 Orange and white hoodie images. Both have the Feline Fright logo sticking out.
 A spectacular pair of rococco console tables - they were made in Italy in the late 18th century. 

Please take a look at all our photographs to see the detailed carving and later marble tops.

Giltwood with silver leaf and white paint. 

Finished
☆ ☆ ☆ ☆ ☆
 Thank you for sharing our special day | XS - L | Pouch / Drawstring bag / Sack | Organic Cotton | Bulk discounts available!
☆ ☆ ☆ ☆ ☆
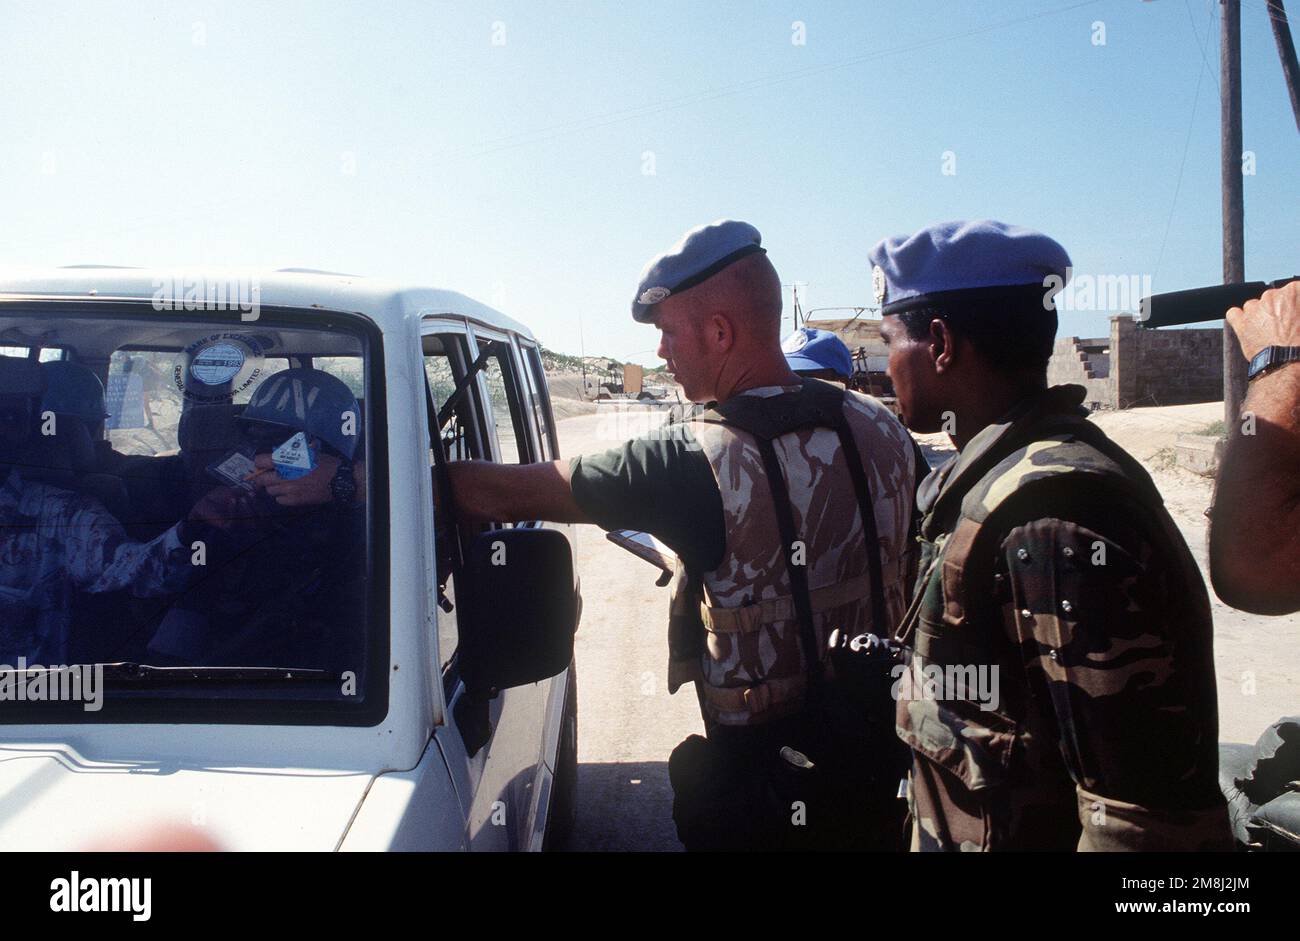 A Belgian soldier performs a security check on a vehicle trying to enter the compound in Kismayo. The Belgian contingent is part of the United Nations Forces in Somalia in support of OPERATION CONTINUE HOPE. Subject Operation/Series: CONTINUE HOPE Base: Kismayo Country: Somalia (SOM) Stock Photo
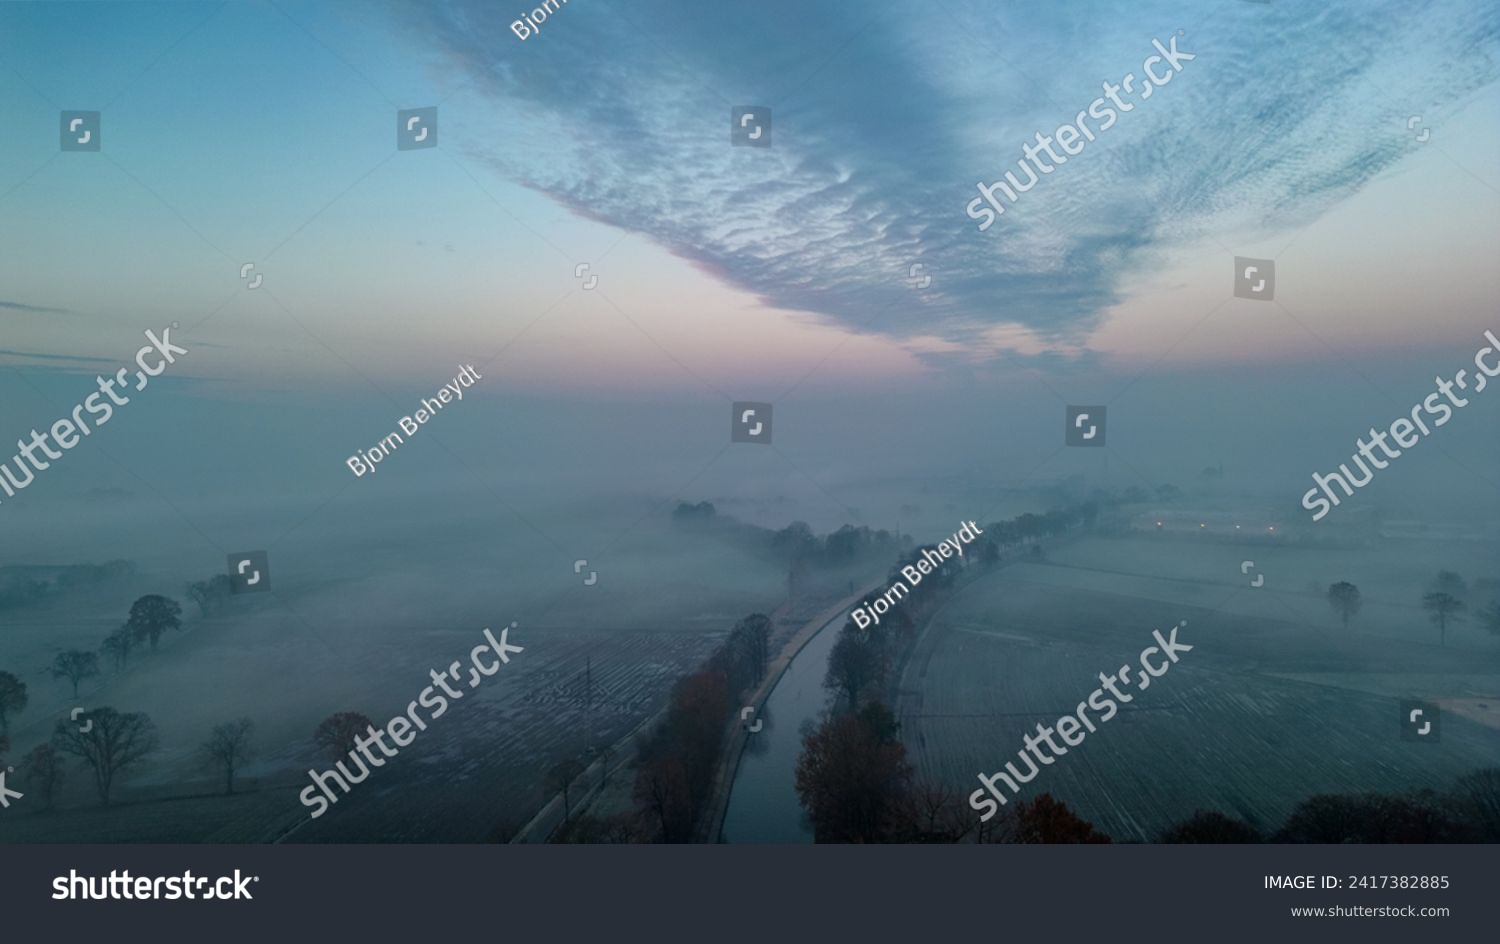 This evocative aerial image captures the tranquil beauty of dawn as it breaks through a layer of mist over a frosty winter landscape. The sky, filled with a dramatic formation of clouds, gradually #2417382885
☆ ☆ ☆ ☆ ☆
▸ BRIEF:
When copying from the data above, print only the lines from the line containing "A Belgian soldier" to the line containing "This evocative aerial", exactly, and leave the pictures out.

▸ ANSWER BELOW:
 A Belgian soldier performs a security check on a vehicle trying to enter the compound in Kismayo. The Belgian contingent is part of the United Nations Forces in Somalia in support of OPERATION CONTINUE HOPE. Subject Operation/Series: CONTINUE HOPE Base: Kismayo Country: Somalia (SOM) Stock Photo
 This evocative aerial image captures the tranquil beauty of dawn as it breaks through a layer of mist over a frosty winter landscape. The sky, filled with a dramatic formation of clouds, gradually #2417382885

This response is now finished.